Scripture scholars and theologians believe this parable addresses a need for understanding (and probably cause for argument)among the members of Matthew's community of the place of Jewish and Gentile members of the church. The Hebrew people have labored centuries in the vineyard while the Gentiles have only recently joined the people of faith. Shouldn't one who labors long receive a greater reward than one who works but an hour? To our minds, it seems only natural and just that this be the case, but Matthew's Jesus says it isn't so. All receive the same reward in return for their assent to the faith (in Christ) professed by the community.

Channel surfing on any give day, especially Sunday will expose one to dozens (sometimes it seems hundreds) of televangelists preaching (often screaming) that "ALL" must believe as they believe and act as they direct. The theme of just who will be saved seems a constant in the electronic pulpit. At times their messages seem to fly in the face of this gospel parable. "If you think you're going to be saved by listening to those other preachers, well let me just set the record straight". Pressing mute and changing the channel NOW!

Just as in Matthew's day, people today arrive at their differing beliefs and spiritual understandings and at times may (and almost certainly do) disagree. To my mind, getting caught up in arguments about who's "right" is a waste of time and almost never causes anything but further division. Who can count the number of christian denominations each often claiming to be the only way to salvation? People of good will can and do disagree, but we can find hope in this parable which promises all laborers the same reward. Wars have been fought (Reformation and Counter-Reformation and round it goes) over how we are "saved" with an uneasy armistice landing on FAITH (just don't get too specific about a definition of just what that means or you'll start another war).
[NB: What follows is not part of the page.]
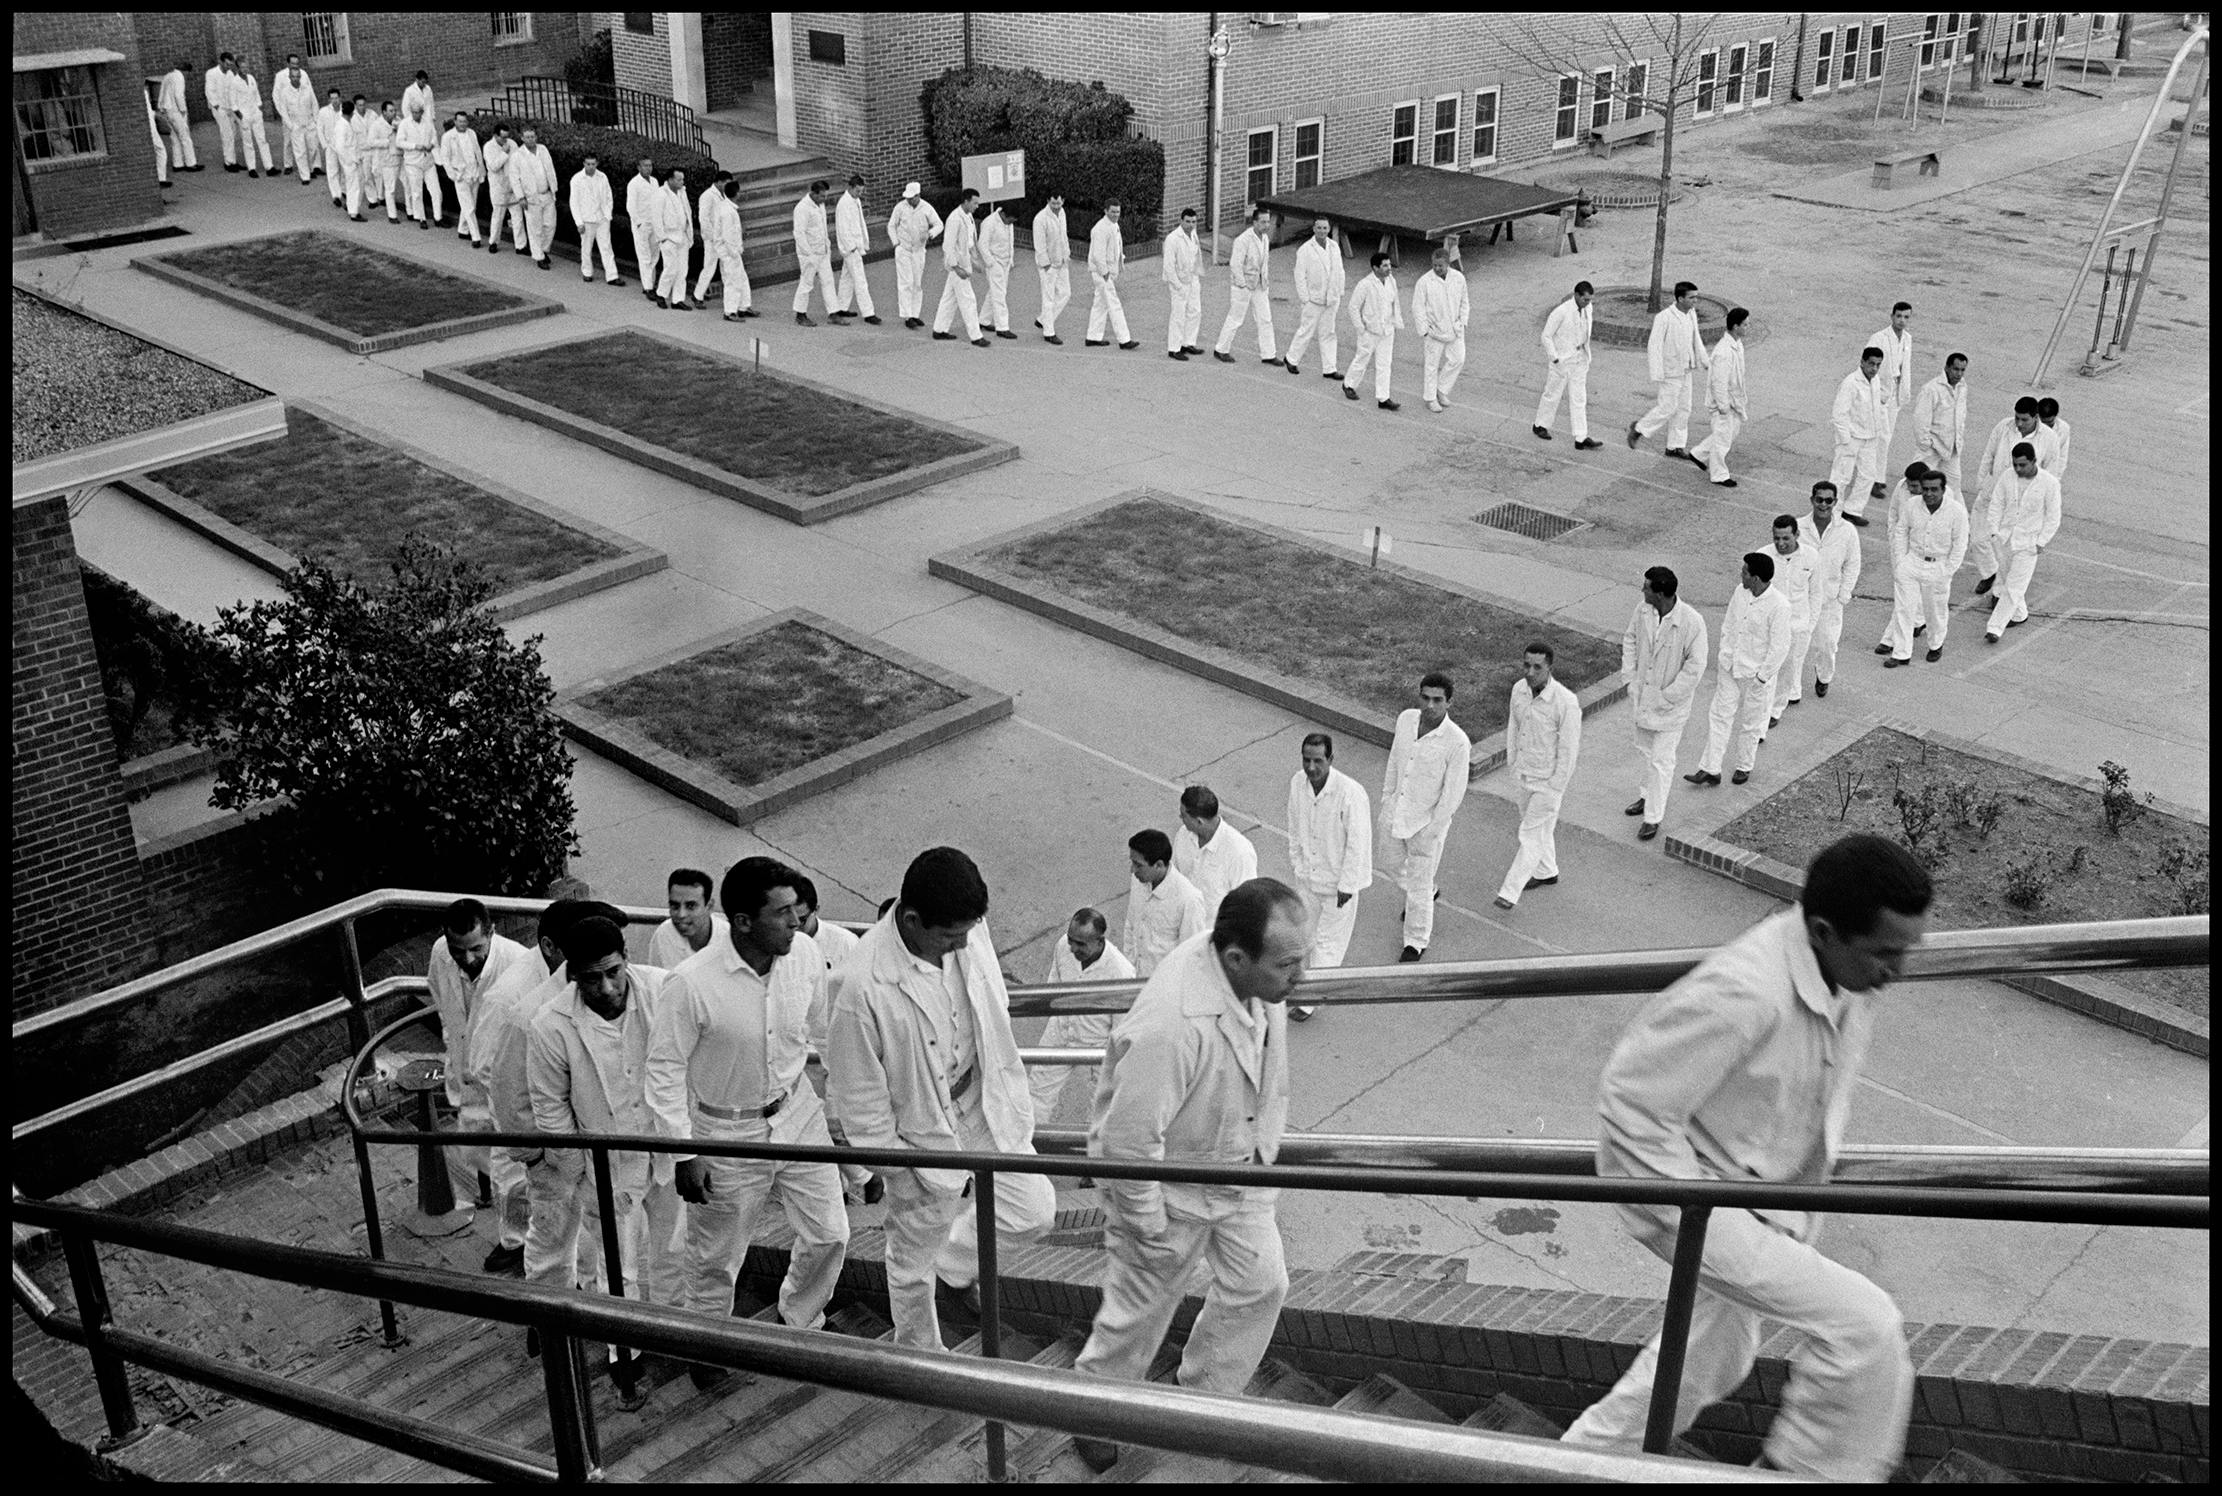 The meal line at The Walls, a walled penitentiary located near the center of the town of Huntsville, in 1968.

Faith, however we define it seems to be the nature of the work we've been assigned as laborers in the vineyard. Resisting the temptation to be RIGHT, perhaps we should try to remain TRUE. That may mean something different to you than it does to me, but I'm fine with that. Trusting in the "Householder's" ability to read the intentions of the heart, I'm standing in line for my pay. We may disagree on the specifics of our labor, but I'm going to try not to grumble over the size of my paycheck. Lets talk about the weather as we wait. Are they calling for rain?